• Collected material:
================================
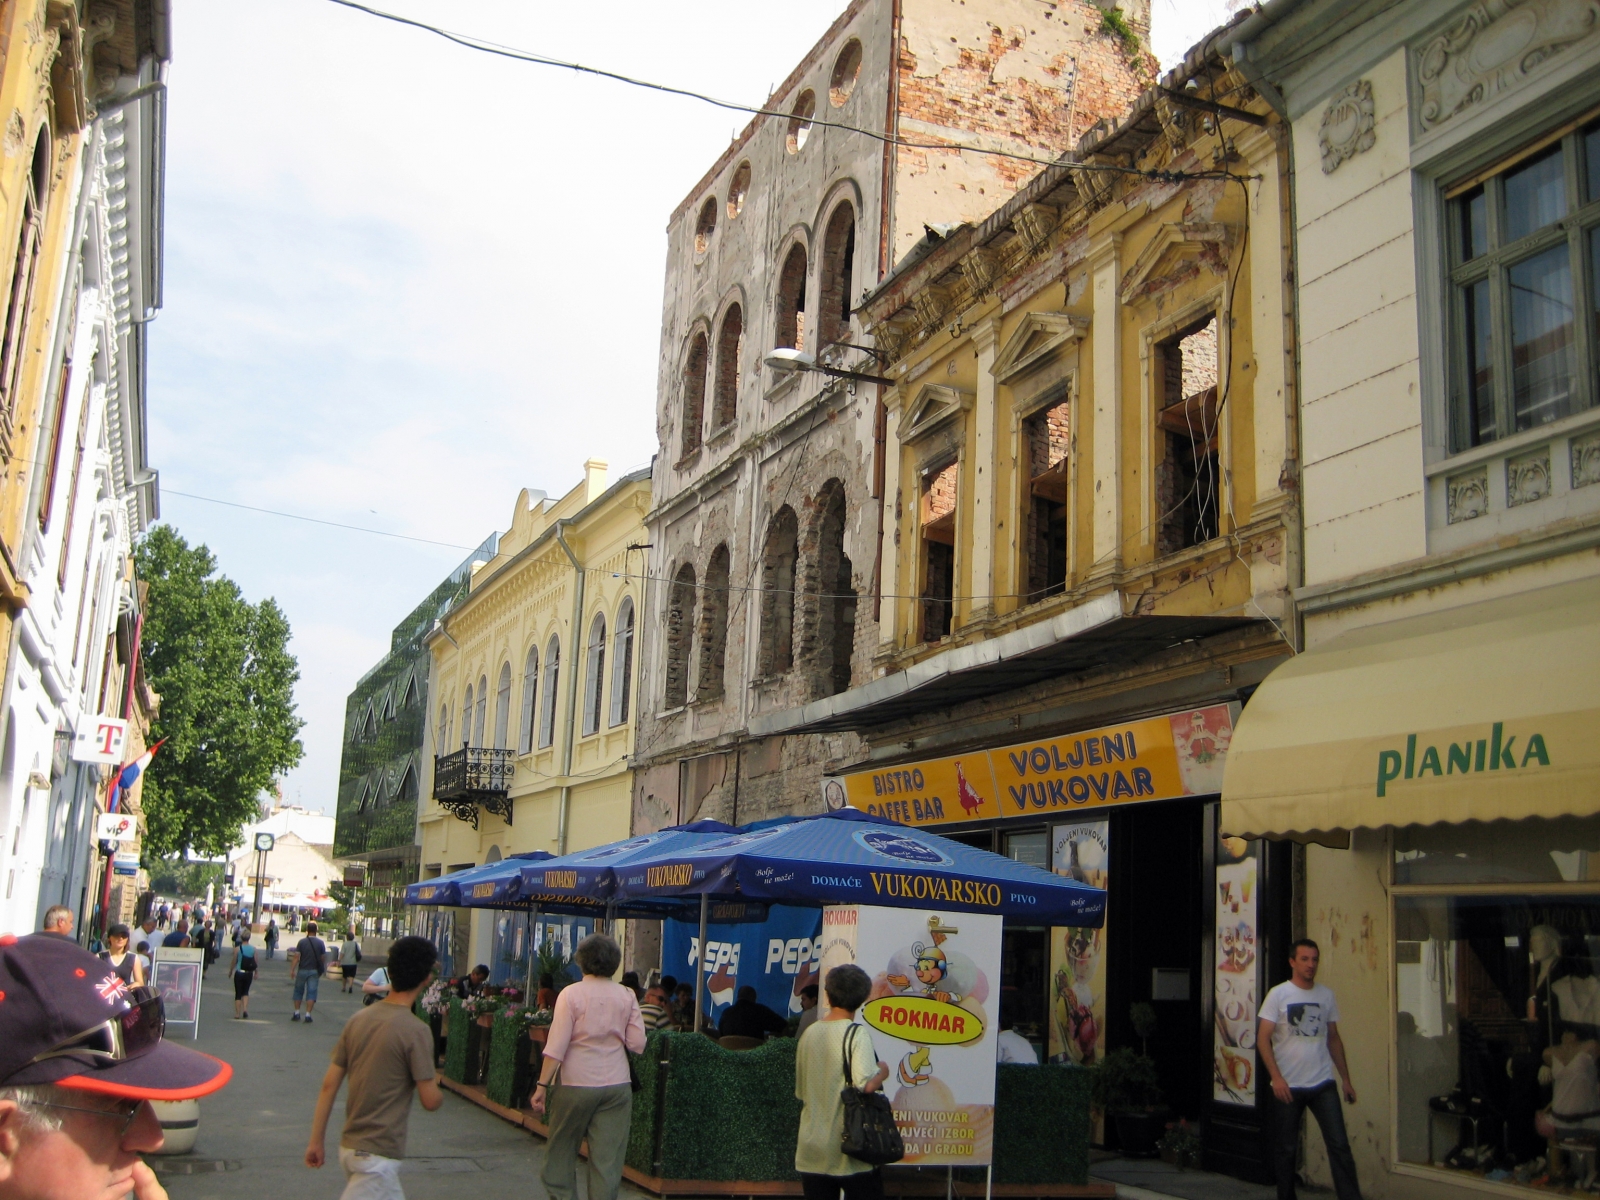 Downtown Vukovar, Croatia
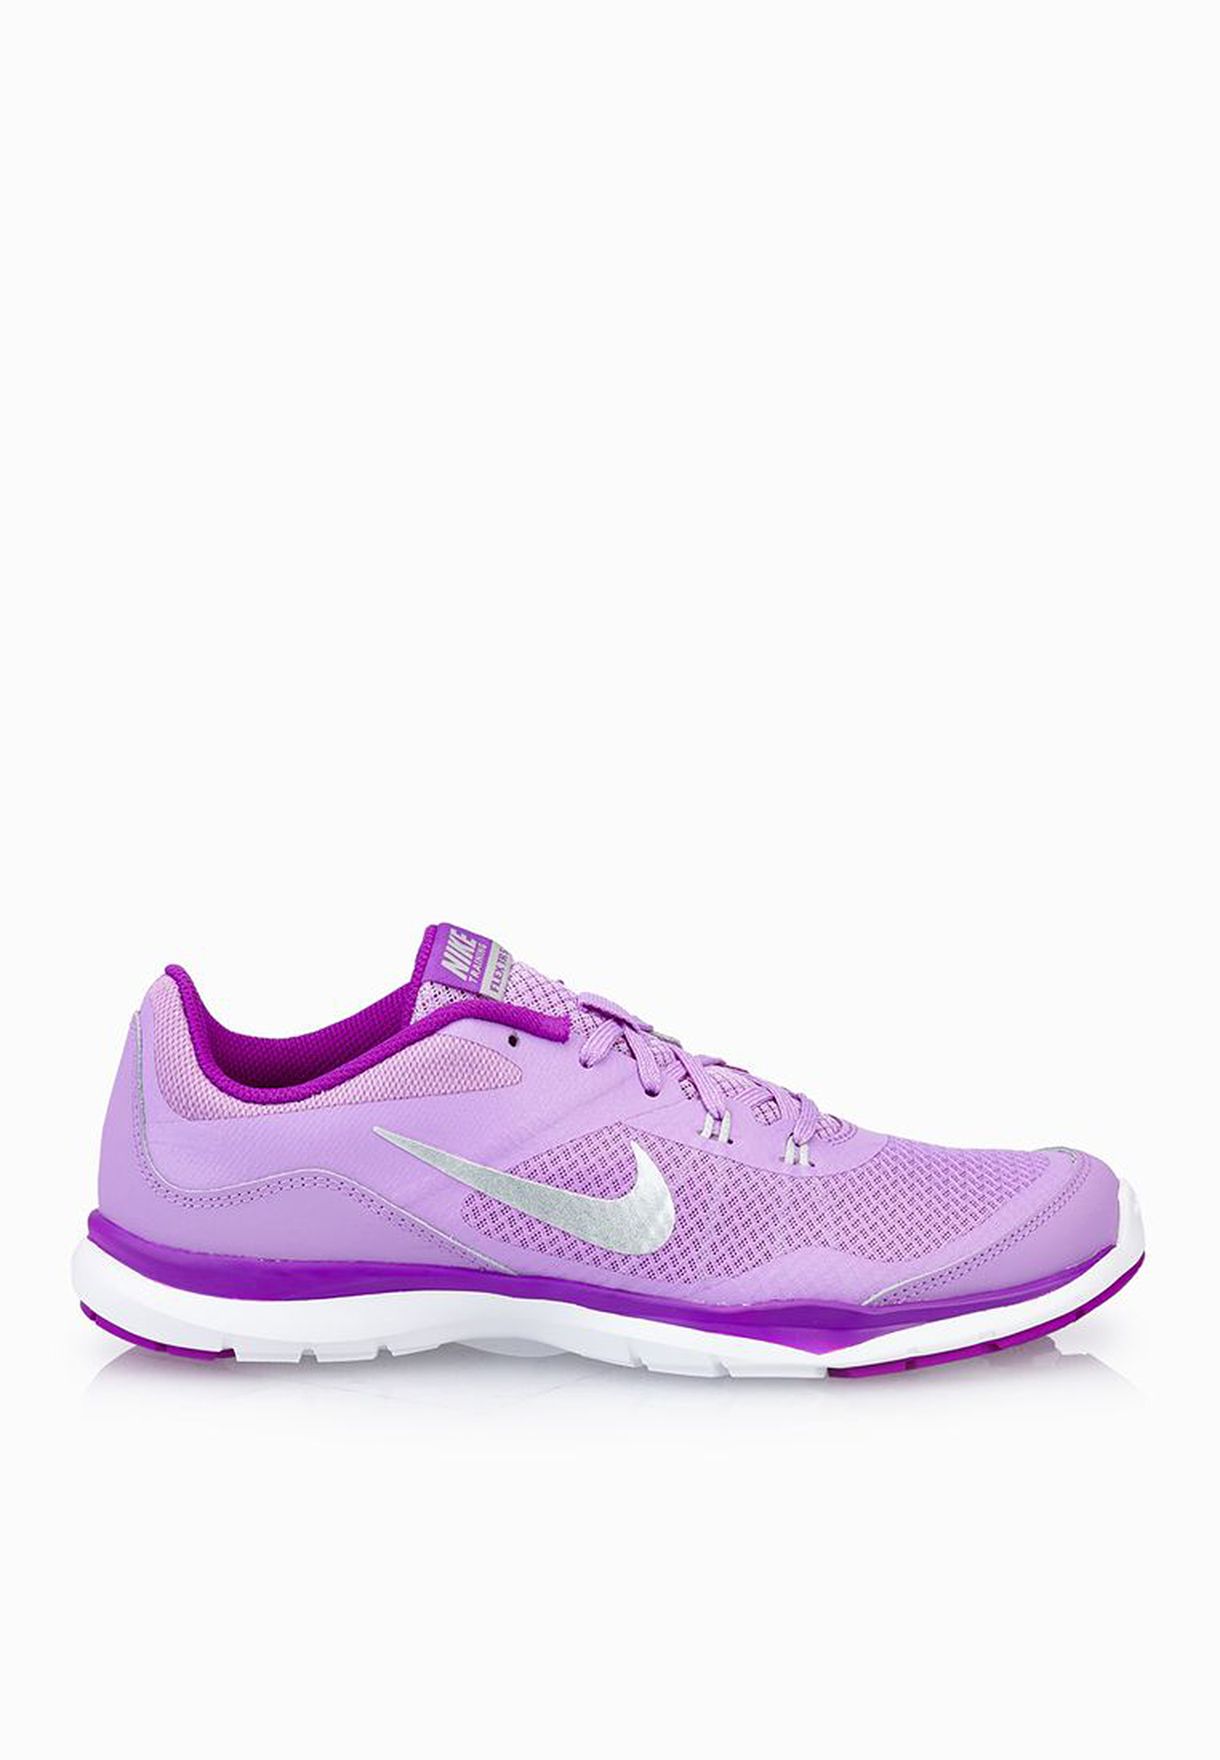 Buy Nike purple Flex Trainer 5 for 
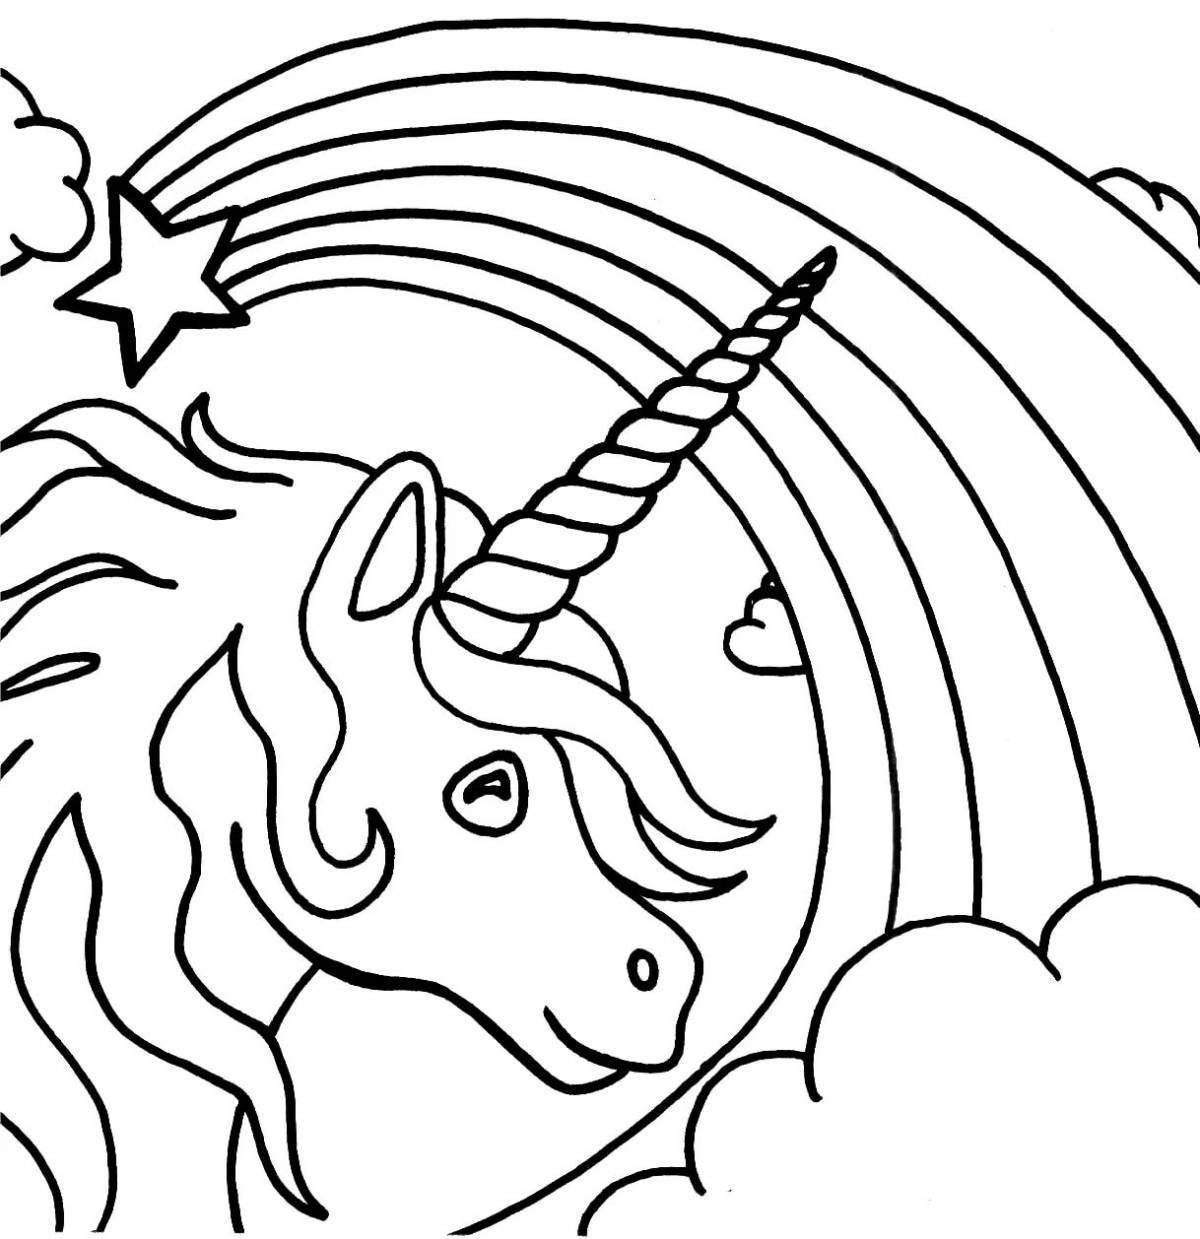 Charming unicorn man coloring book
================================
• Directions for this task:
Please set the data above down exactly, with the pictures removed.

• Completed task:
 Downtown Vukovar, Croatia
 Buy Nike purple Flex Trainer 5 for 
 Charming unicorn man coloring book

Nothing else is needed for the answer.